Exercise goal —
Starting at the line that contains "Coloring page happy ginger cat", copy every line to the end of the material below exactly, and omit the pictures.

Stored data —
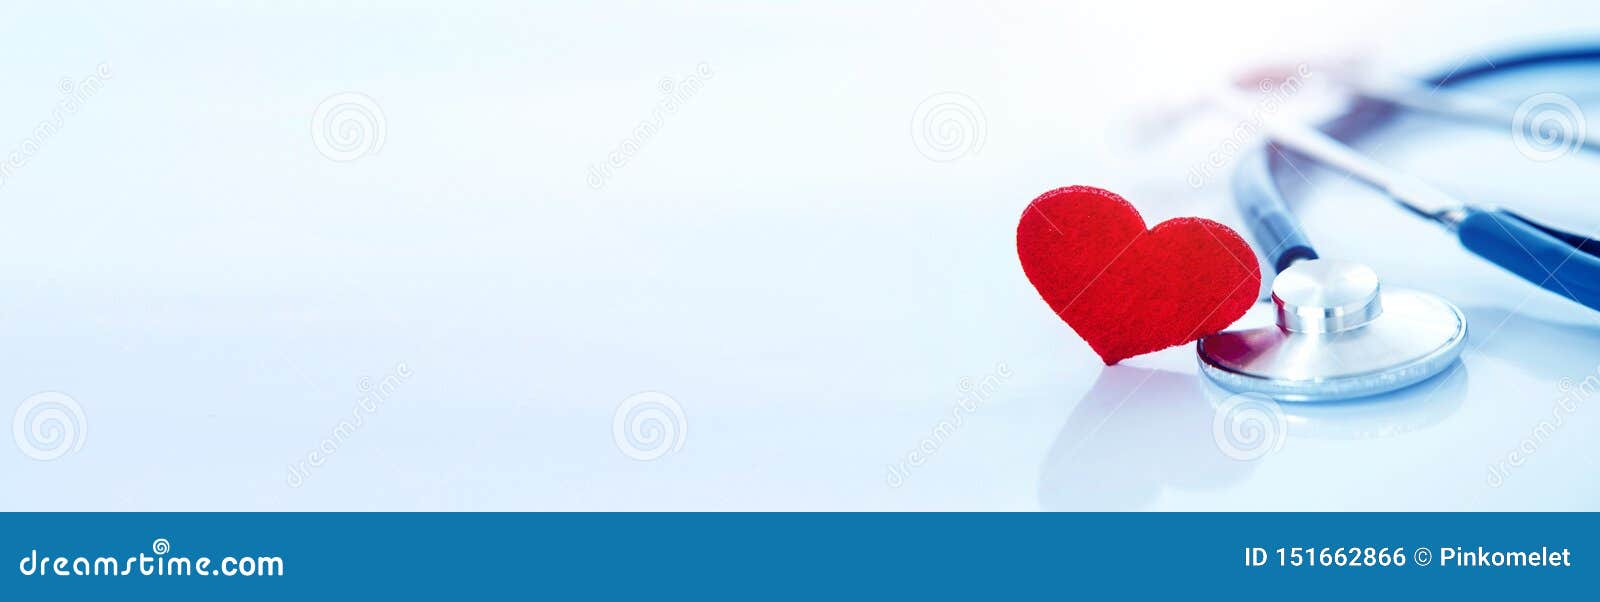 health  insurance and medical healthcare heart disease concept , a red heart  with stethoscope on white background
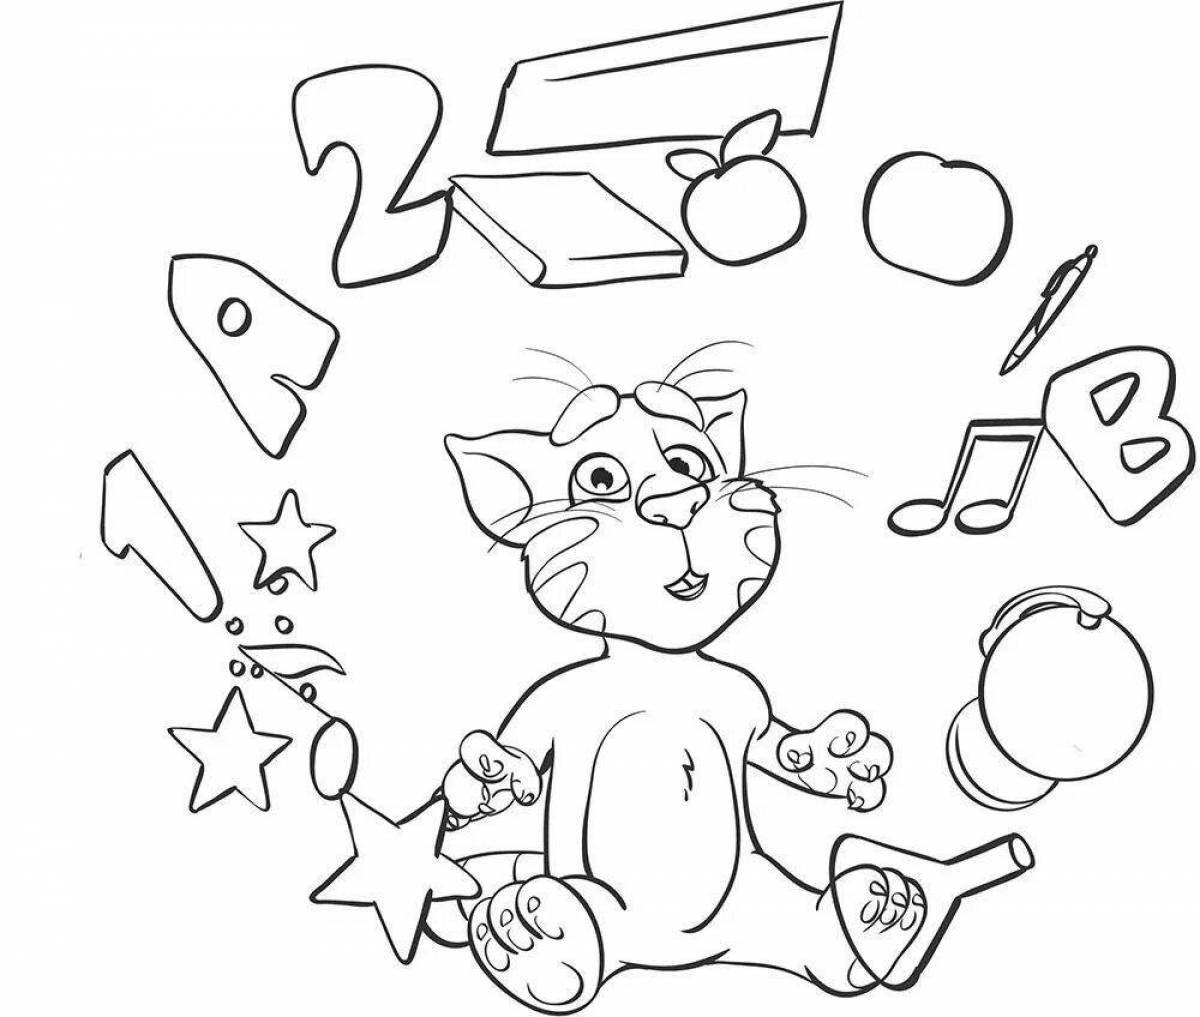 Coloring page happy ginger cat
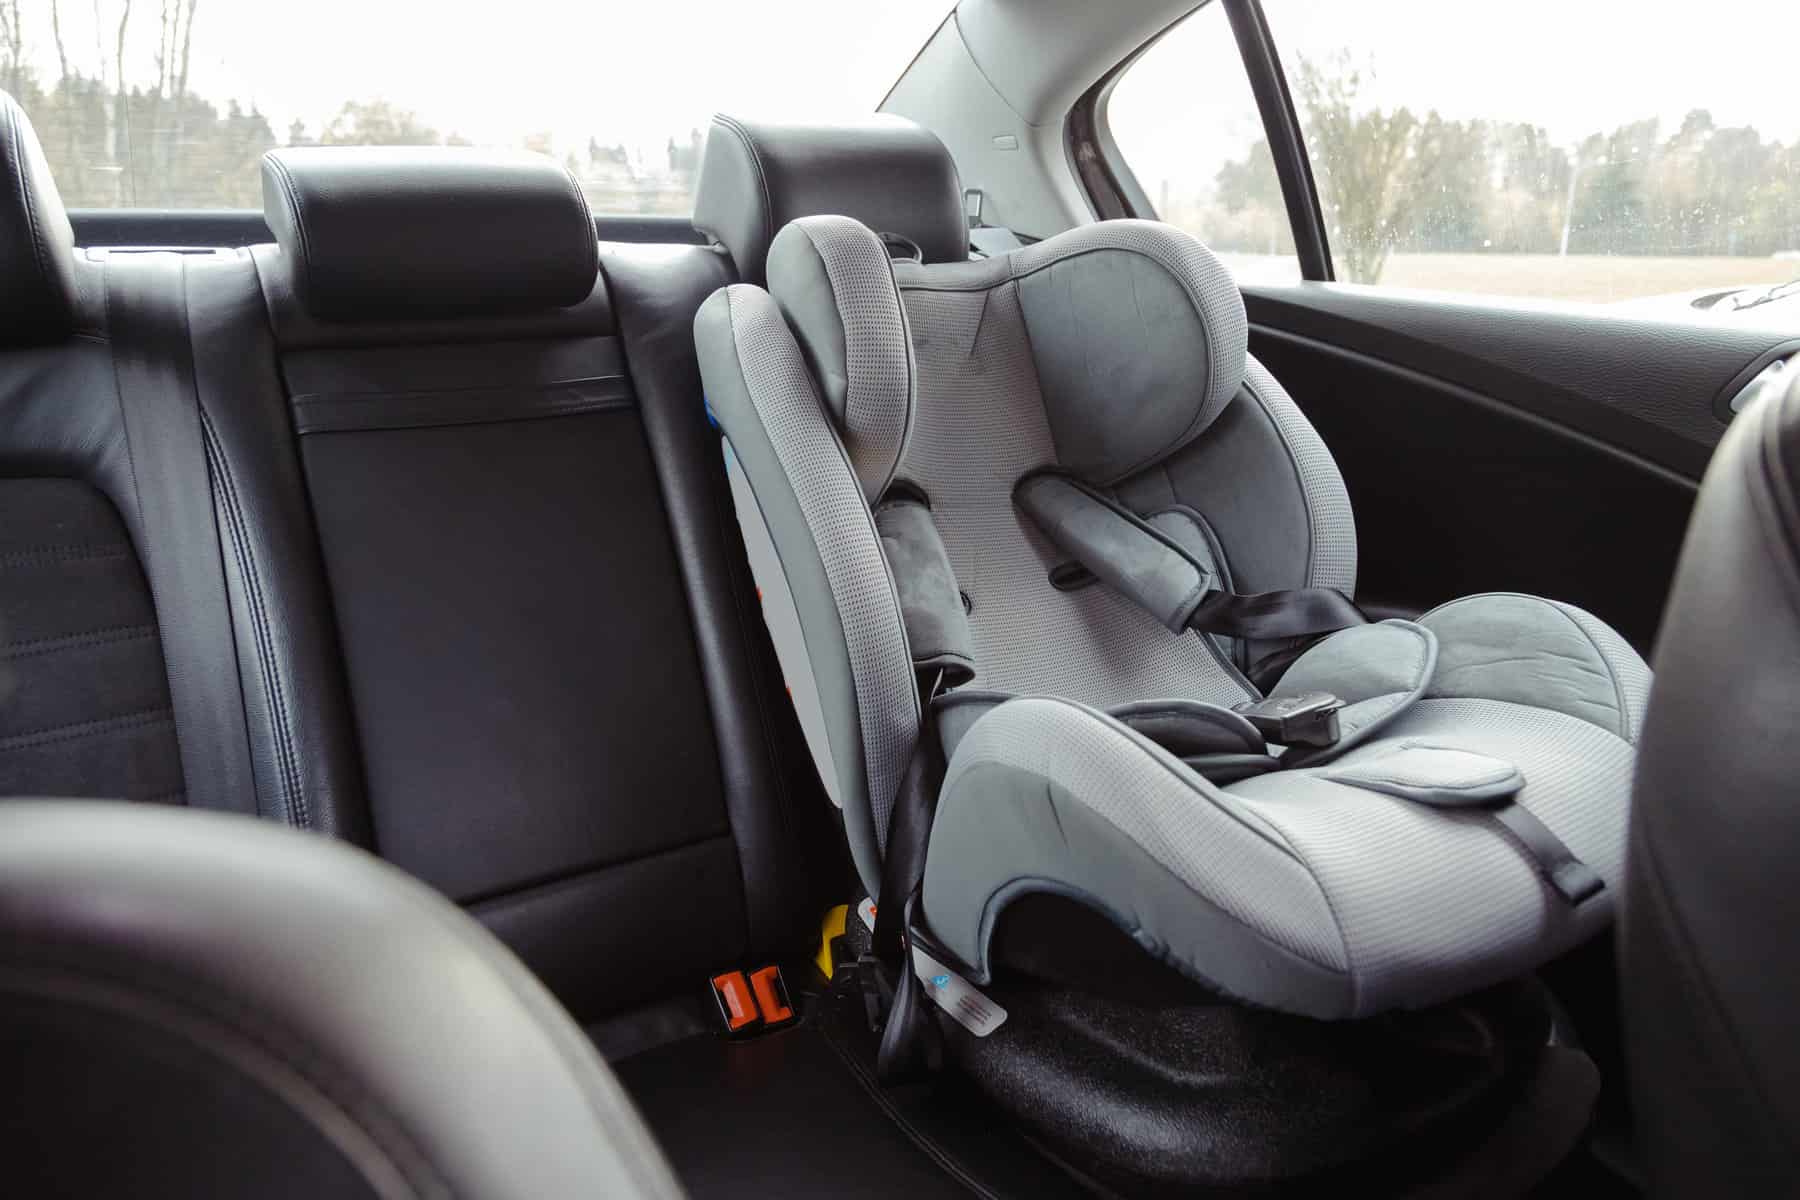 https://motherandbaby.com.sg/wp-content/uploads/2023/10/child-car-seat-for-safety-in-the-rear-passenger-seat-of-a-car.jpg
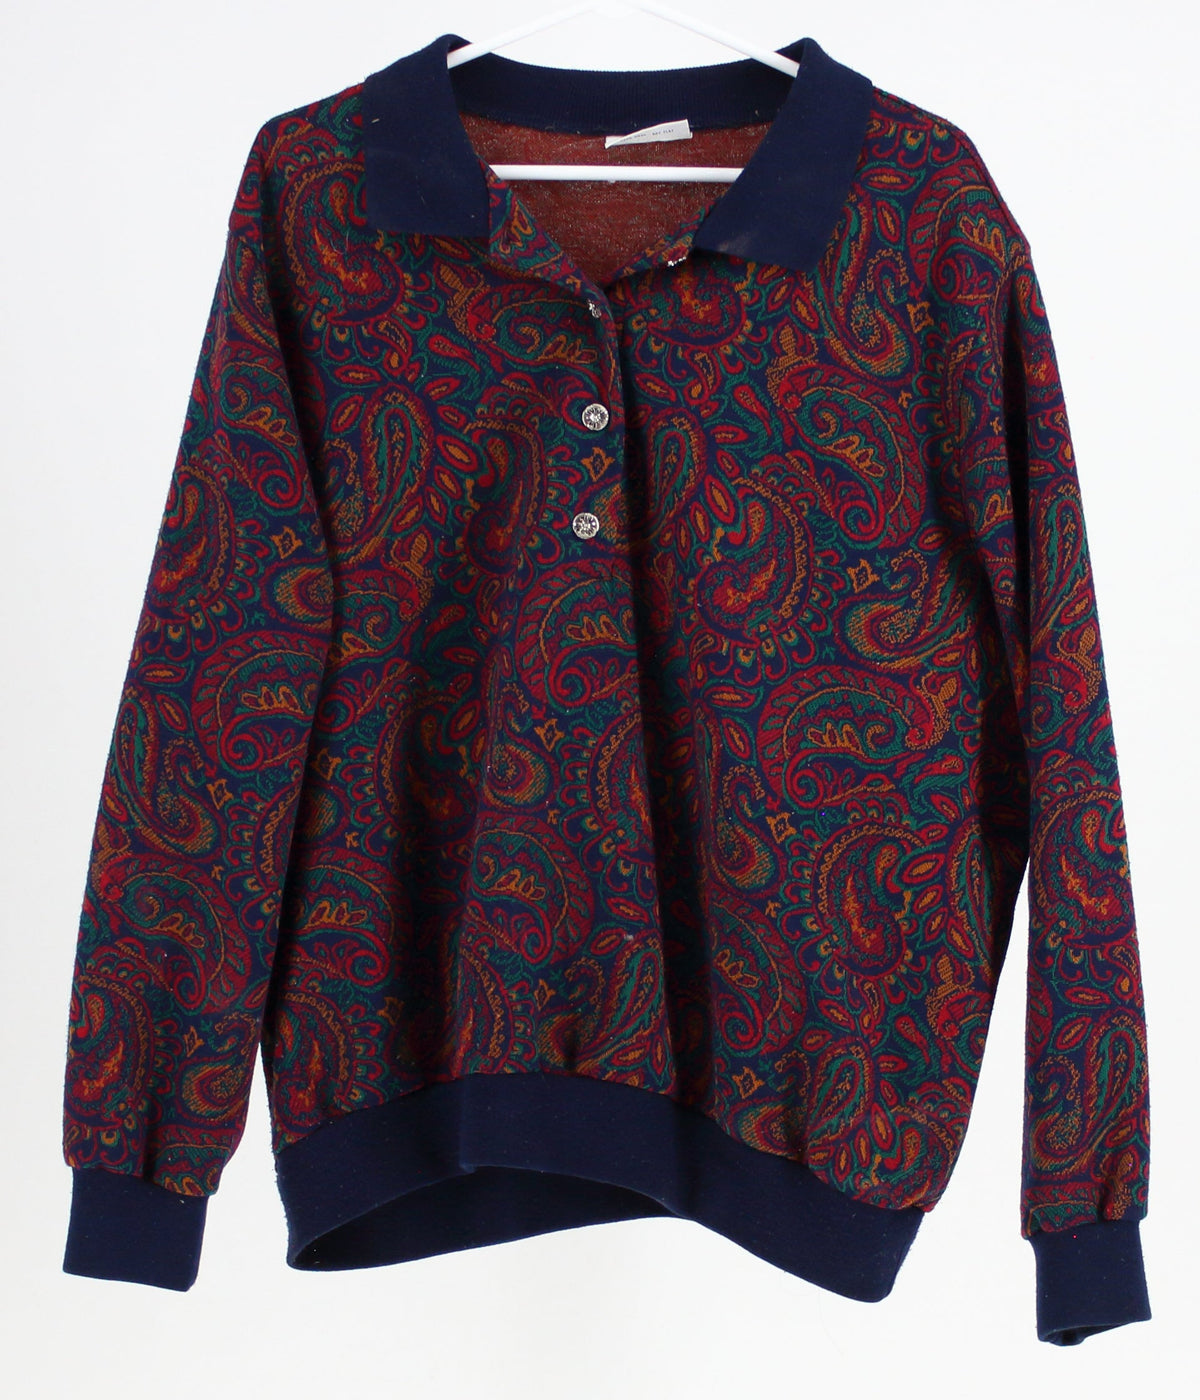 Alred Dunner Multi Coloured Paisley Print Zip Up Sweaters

Response area —
 Coloring page happy ginger cat
 https://motherandbaby.com.sg/wp-content/uploads/2023/10/child-car-seat-for-safety-in-the-rear-passenger-seat-of-a-car.jpg
 Alred Dunner Multi Coloured Paisley Print Zip Up Sweaters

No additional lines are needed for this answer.